» **REQUIREMENT**
Begin with the line below holding "3000-Series Ceramic Brake" and go on through the line holding "Sons de la Nouvelle-Orléans", duplicating each line exactly and leaving out pictures.

» **GIVEN RECORDS**
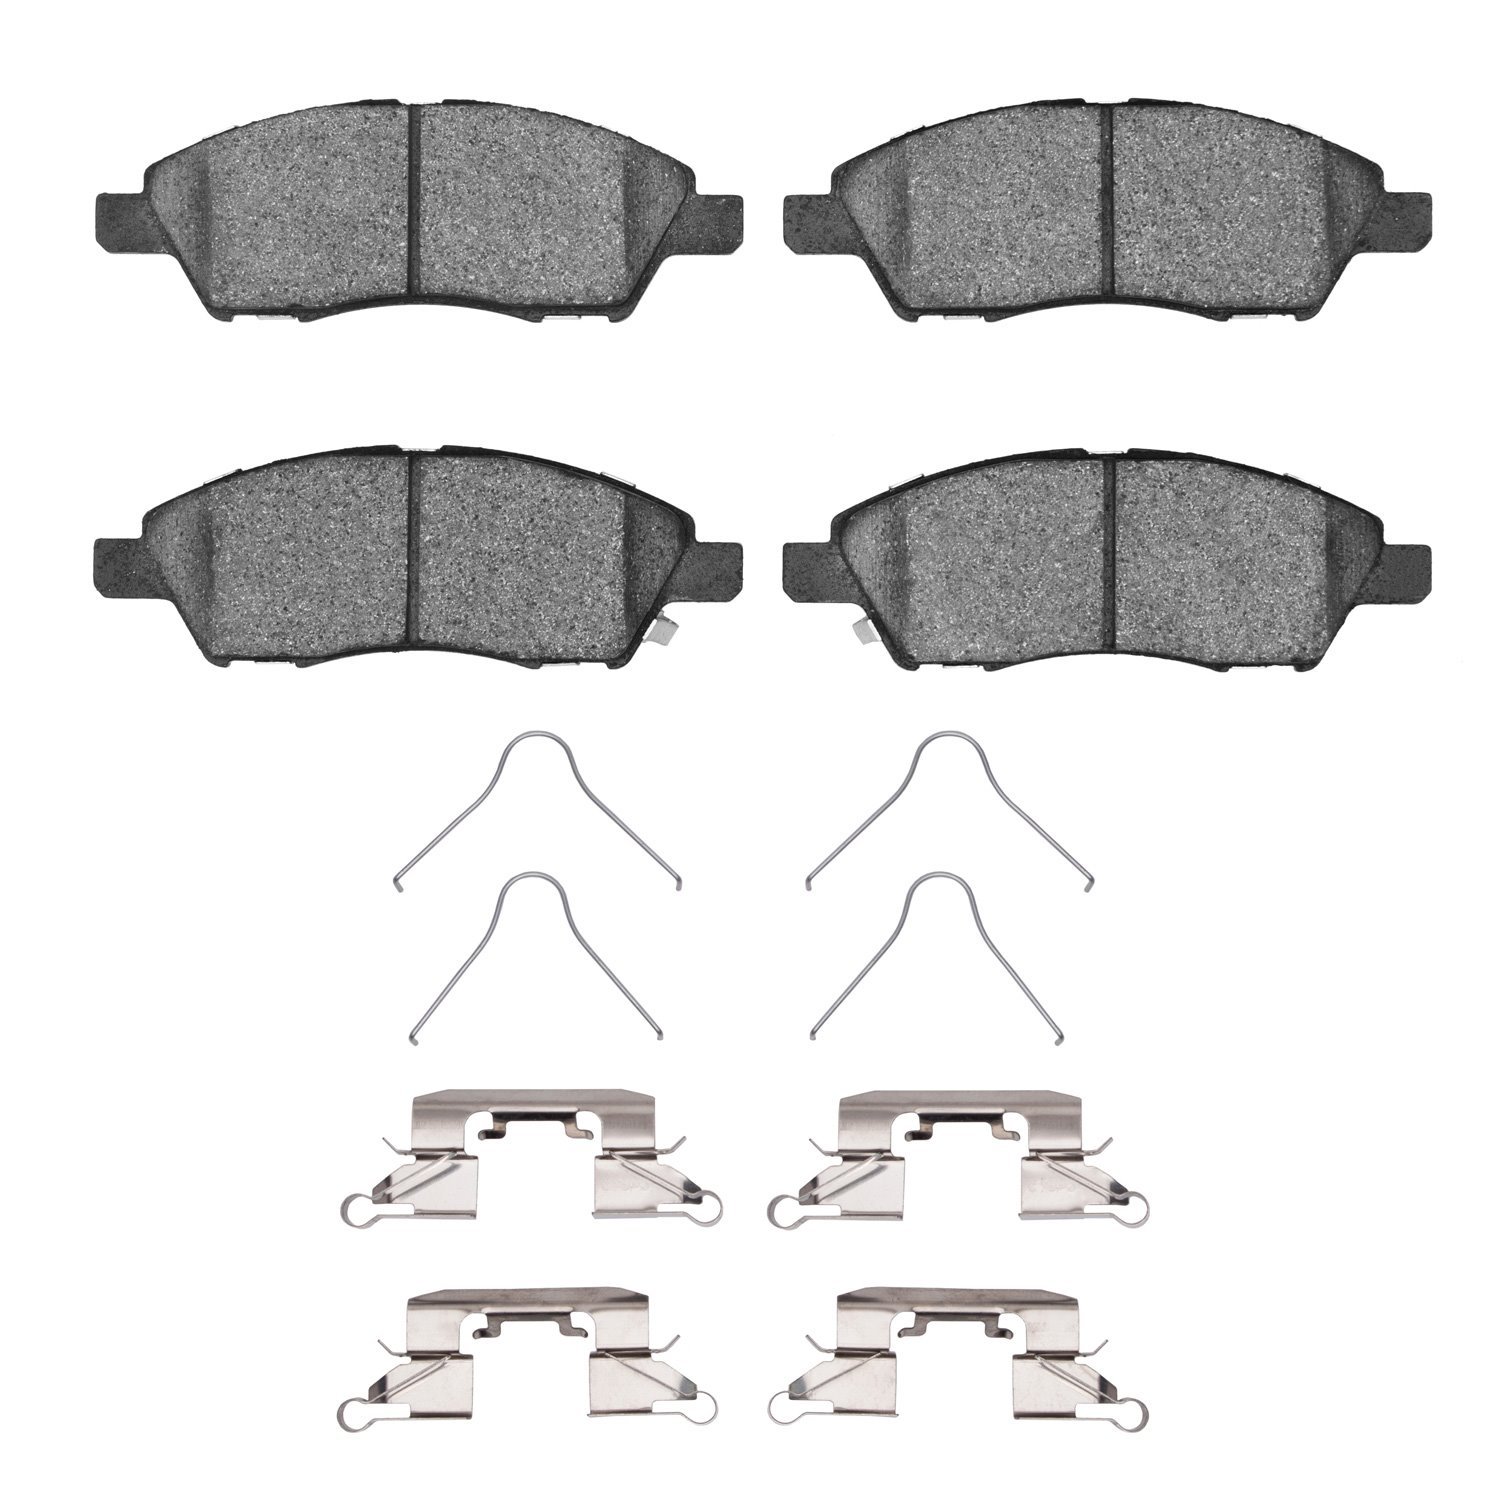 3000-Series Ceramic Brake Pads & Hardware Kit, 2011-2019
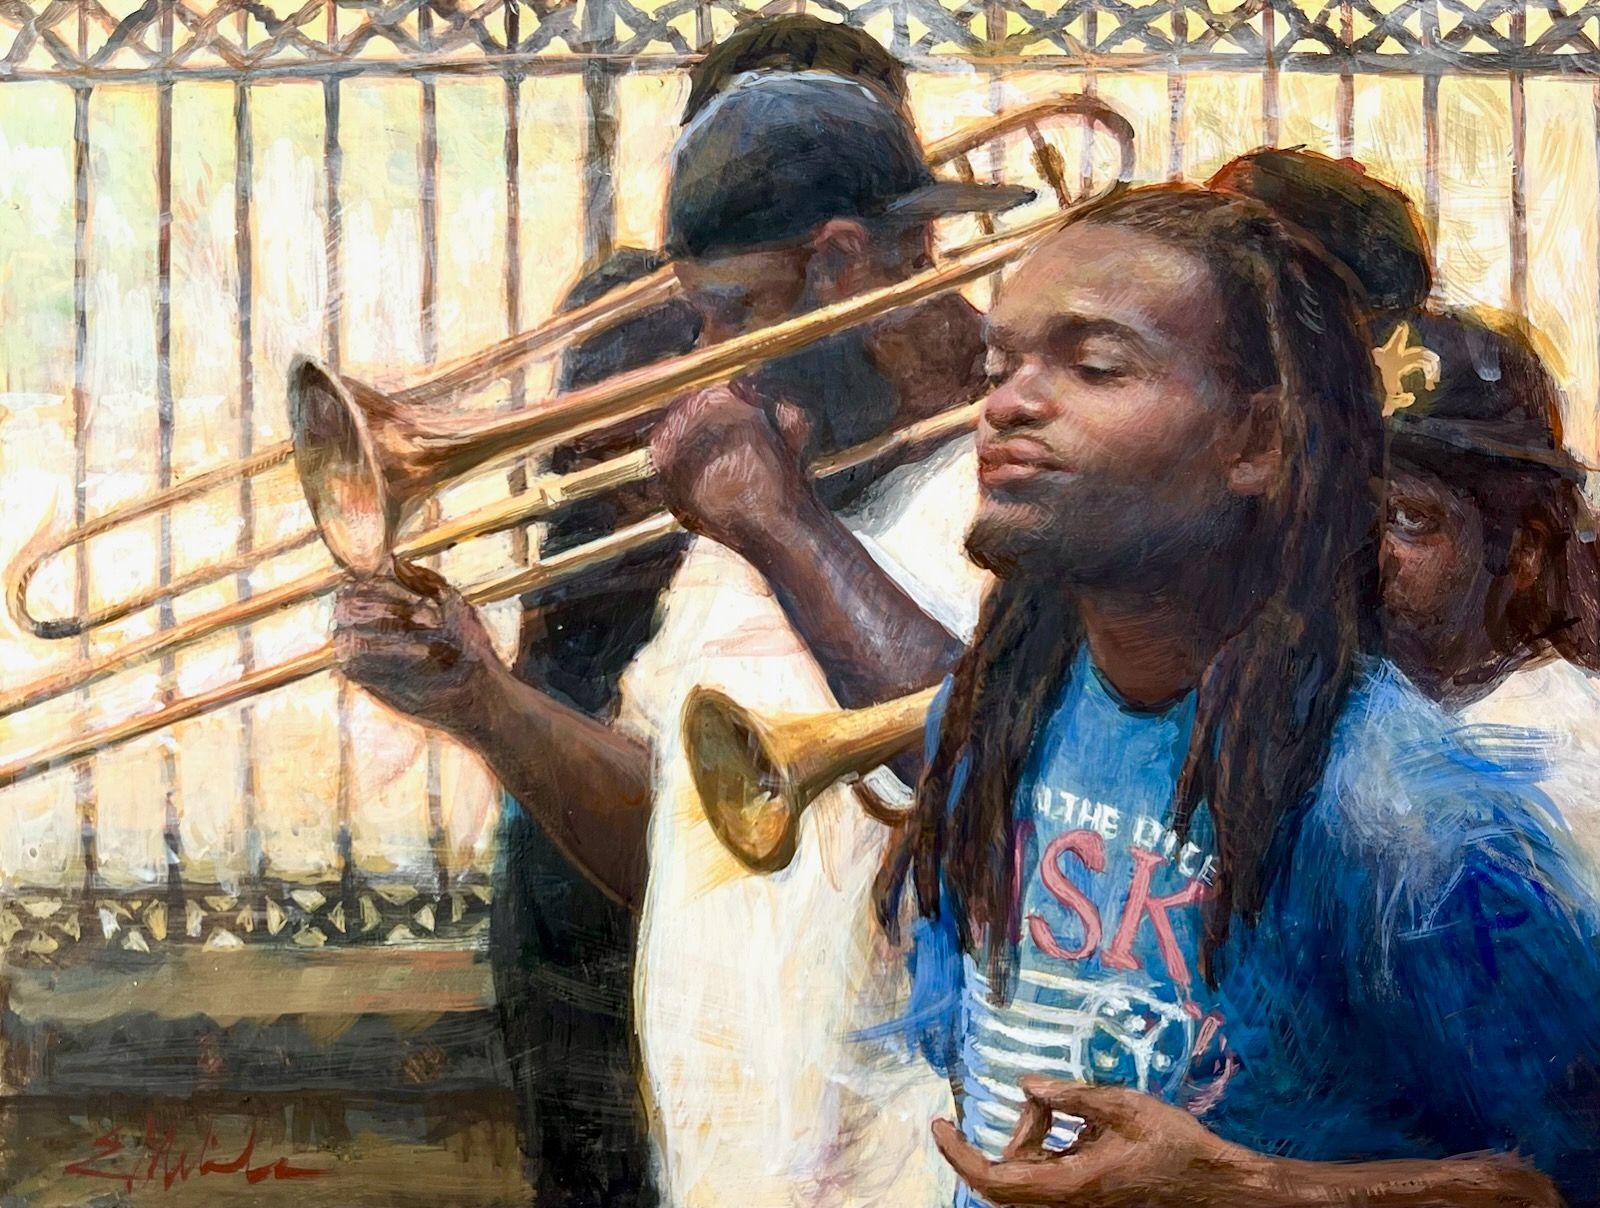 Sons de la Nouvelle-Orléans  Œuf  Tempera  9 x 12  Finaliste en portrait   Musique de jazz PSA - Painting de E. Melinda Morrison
* * *
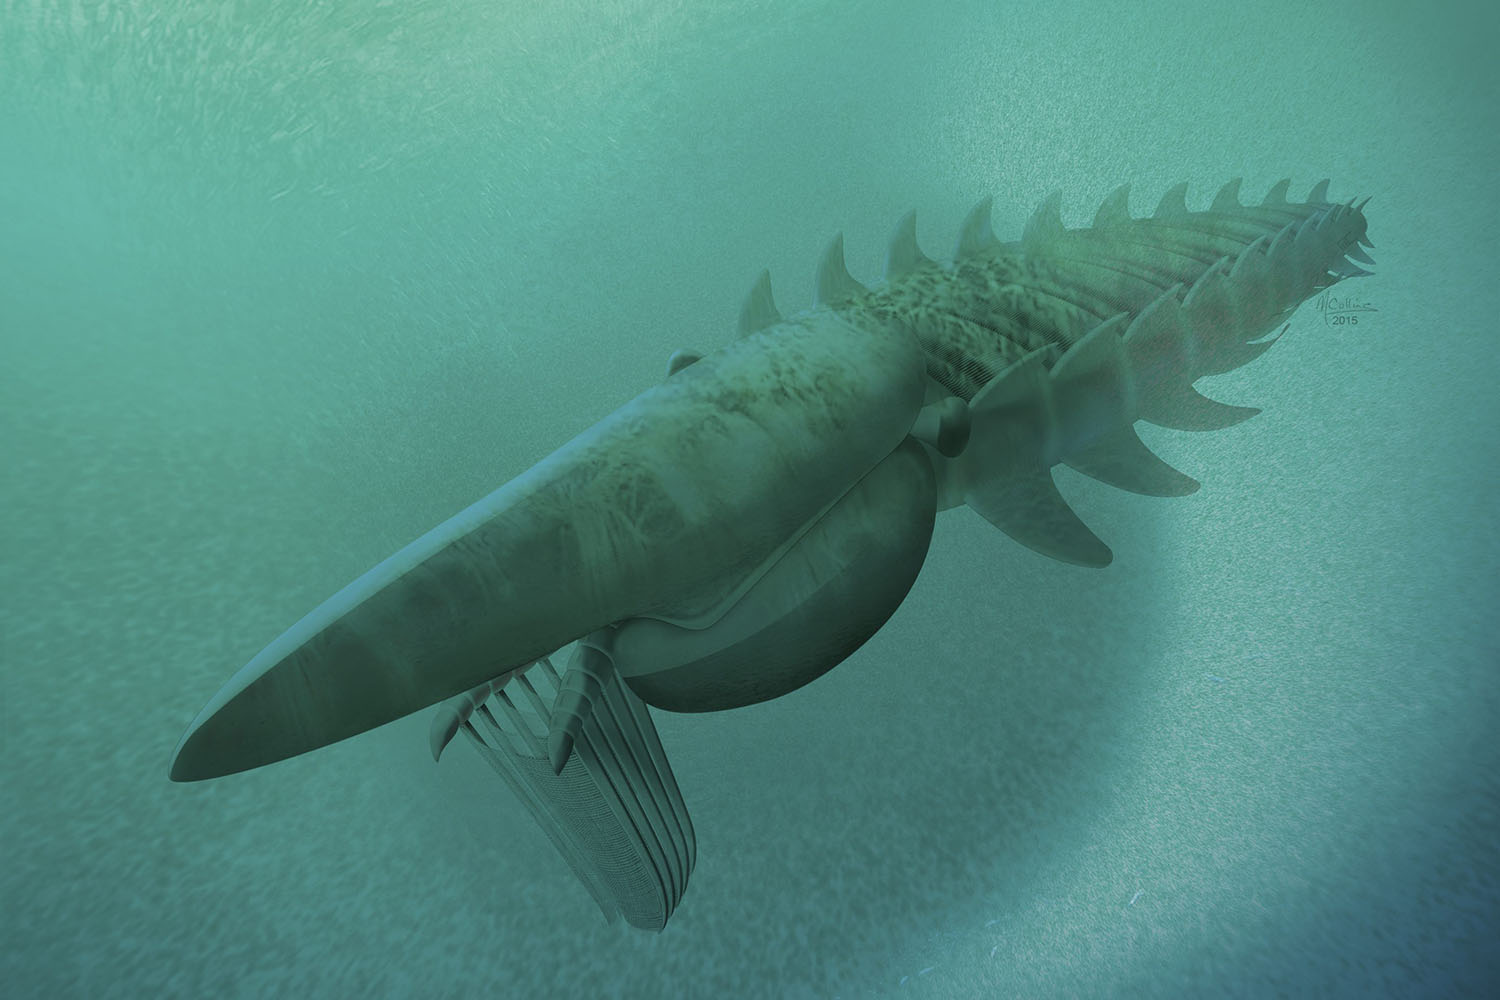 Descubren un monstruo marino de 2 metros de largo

» **PROBLEM SOLUTION**
 3000-Series Ceramic Brake Pads & Hardware Kit, 2011-2019
 Sons de la Nouvelle-Orléans  Œuf  Tempera  9 x 12  Finaliste en portrait   Musique de jazz PSA - Painting de E. Melinda Morrison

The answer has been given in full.